» Aim of the task:
Produce exactly the lines from the one holding "Apple Watch Silikon" through the last line of the data below, with every picture left out.

» Collected material:
----

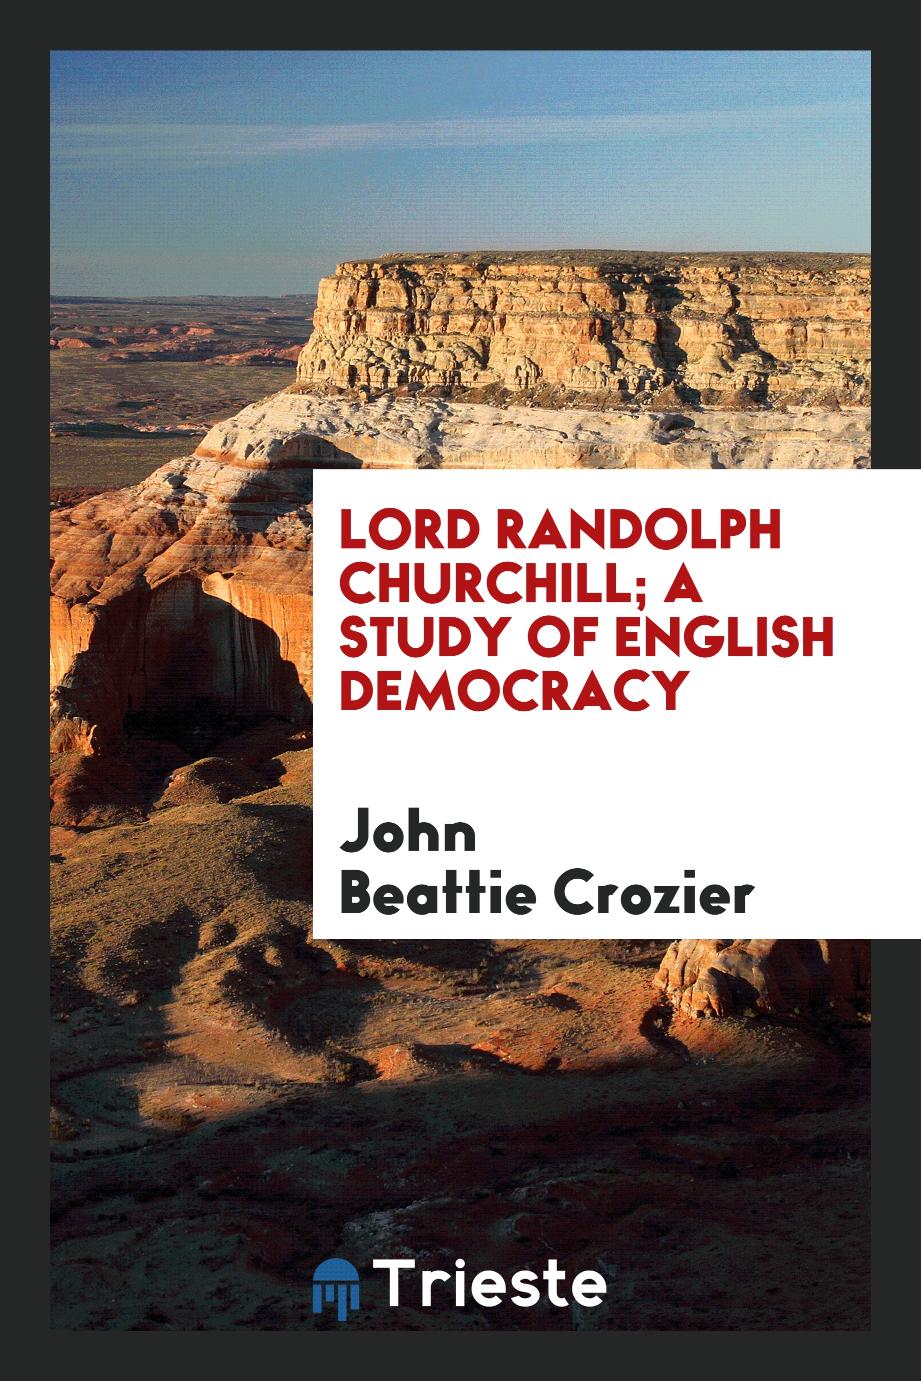 Lord Randolph Churchill; a study of English democracy
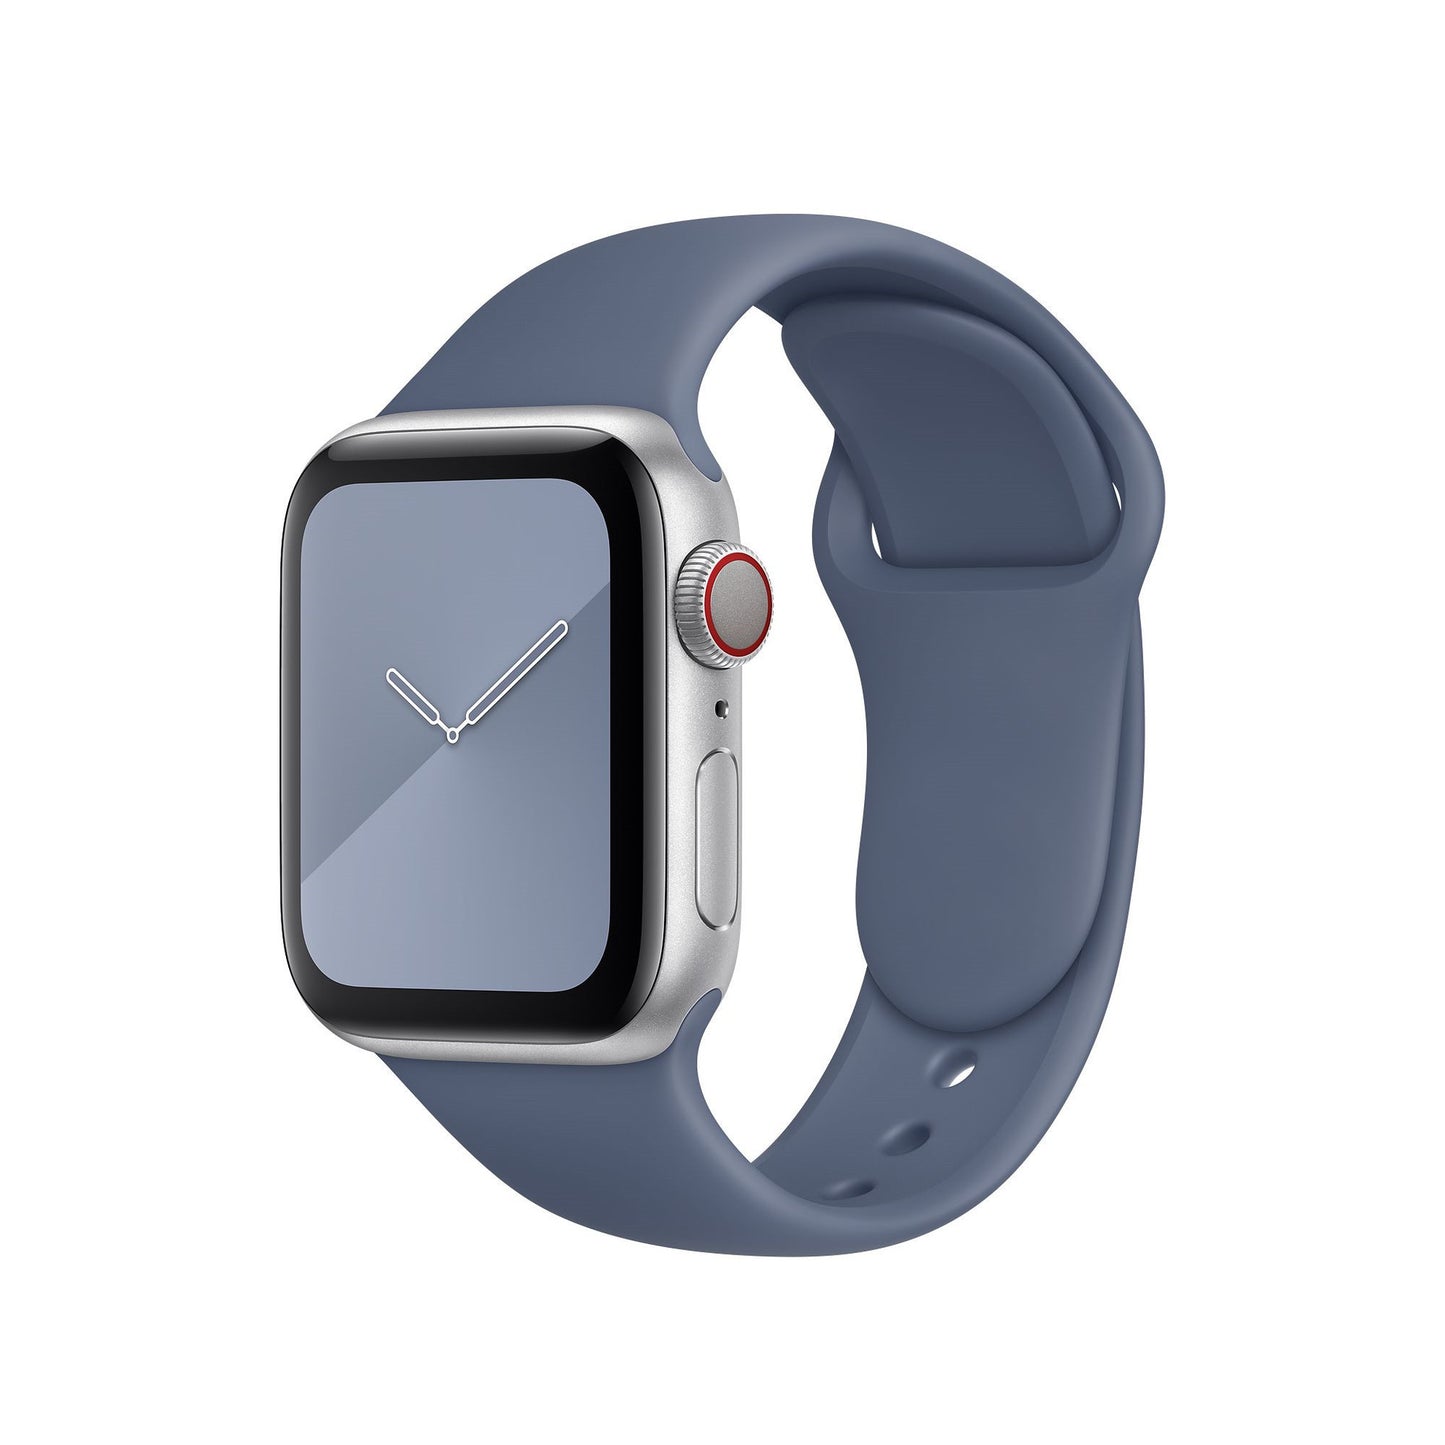 Apple Watch Silikon Armband für 3 4 5 6 7th Generation
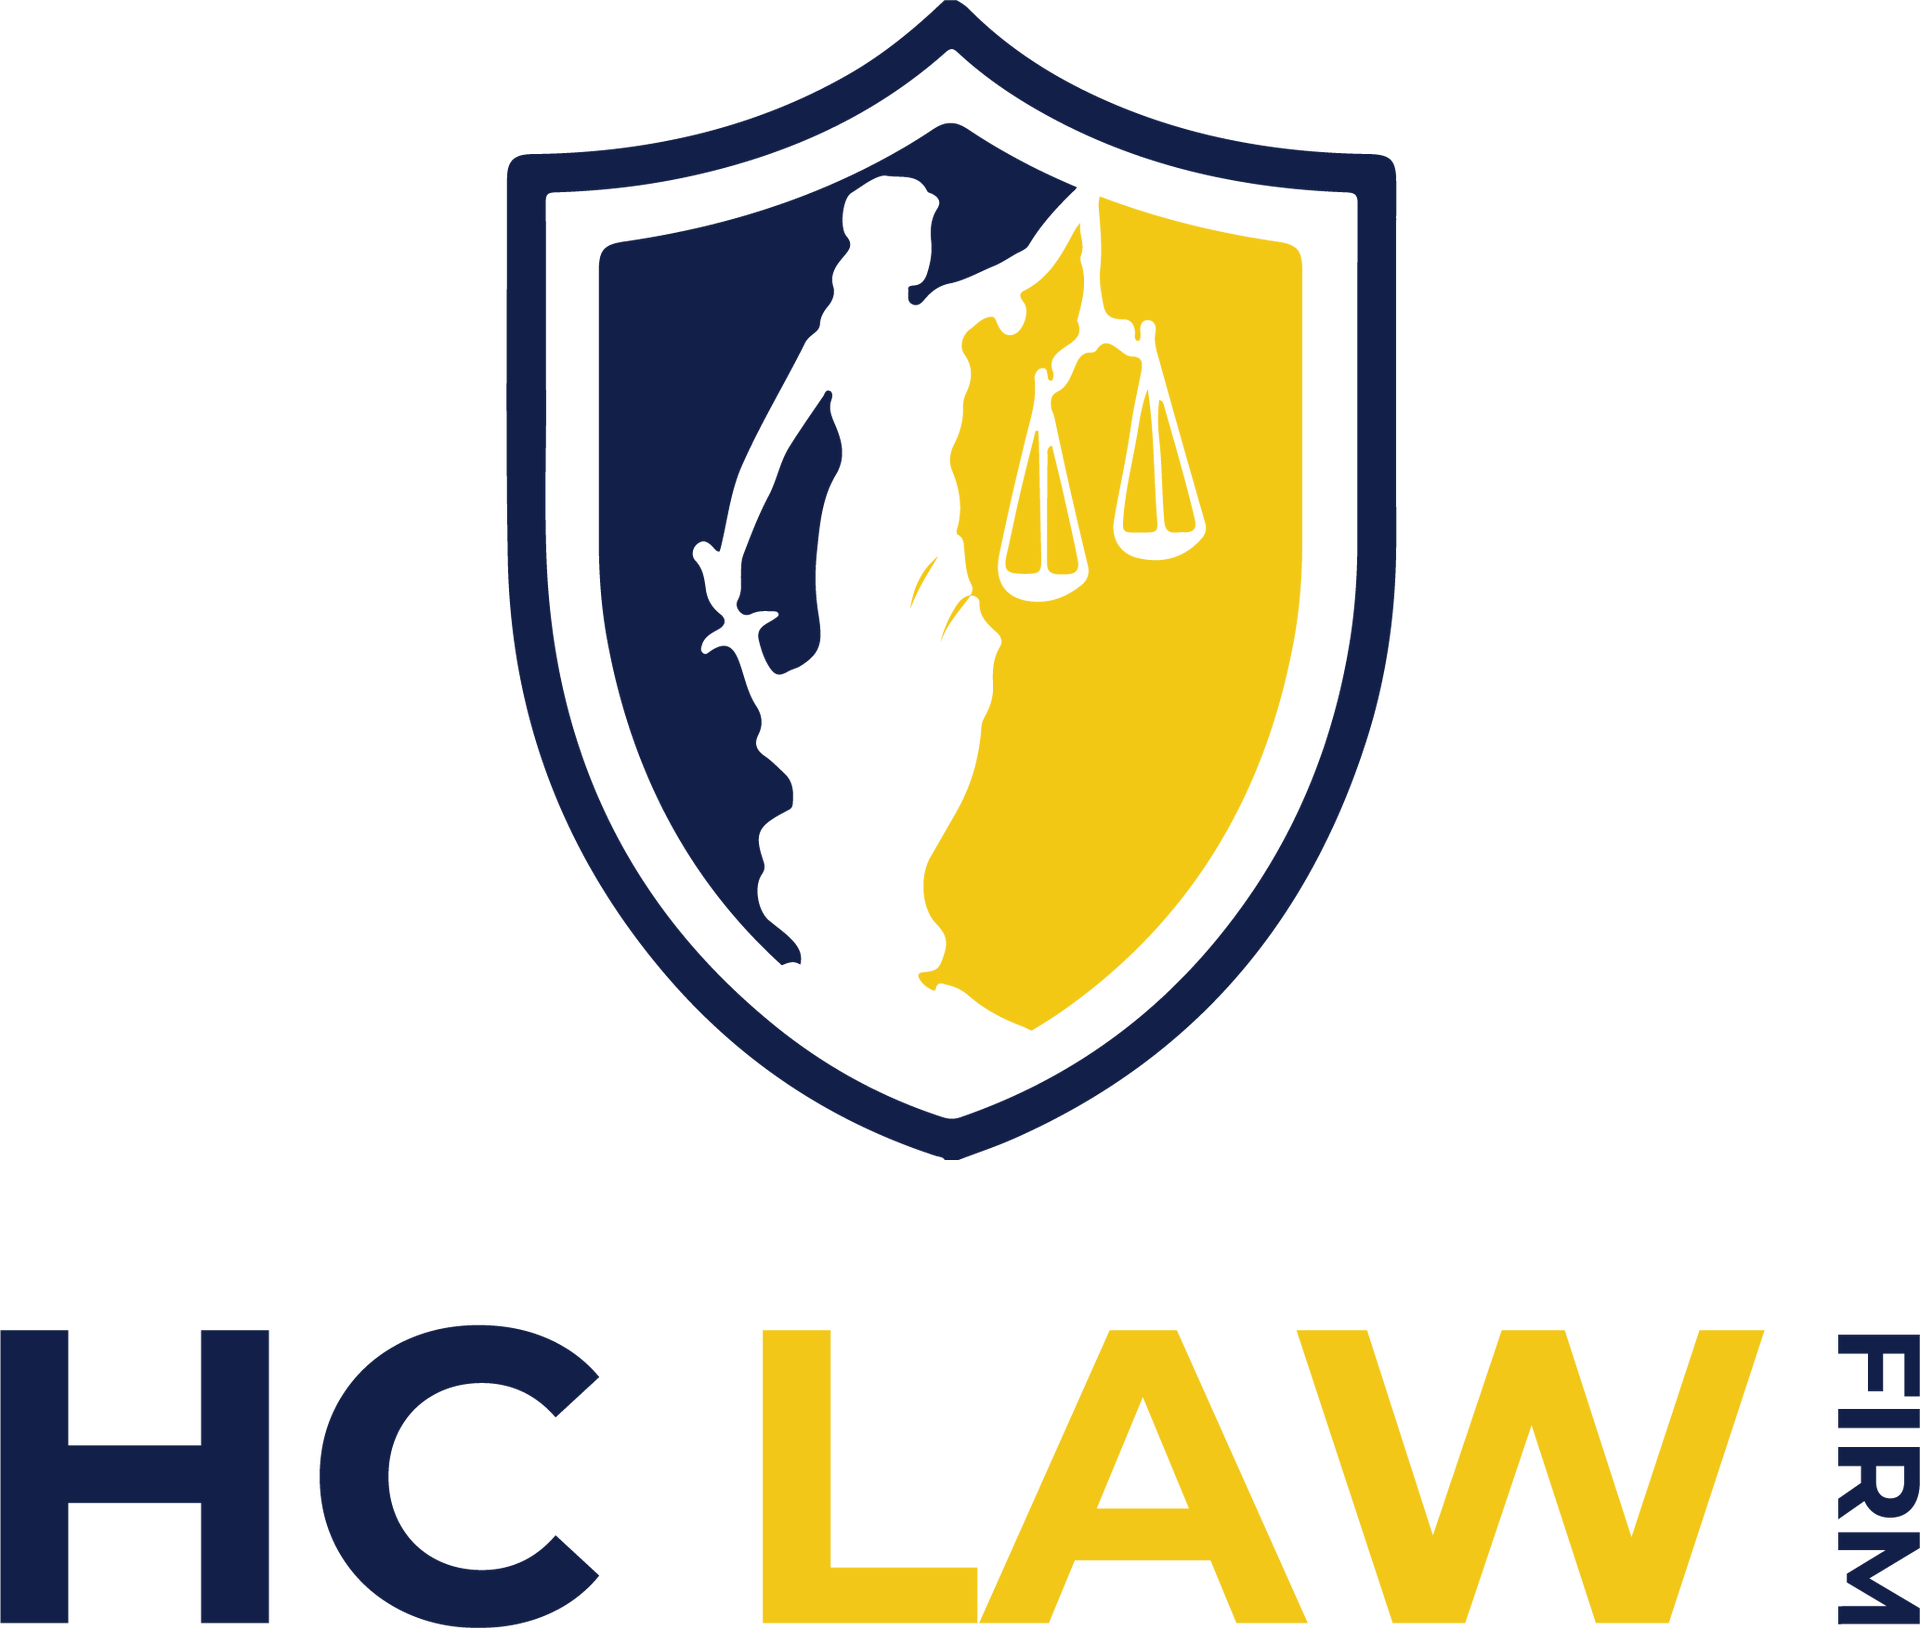 Hamilton & Childs Law, PLLC

----

» Solved exercise:
 Apple Watch Silikon Armband für 3 4 5 6 7th Generation
 Hamilton & Childs Law, PLLC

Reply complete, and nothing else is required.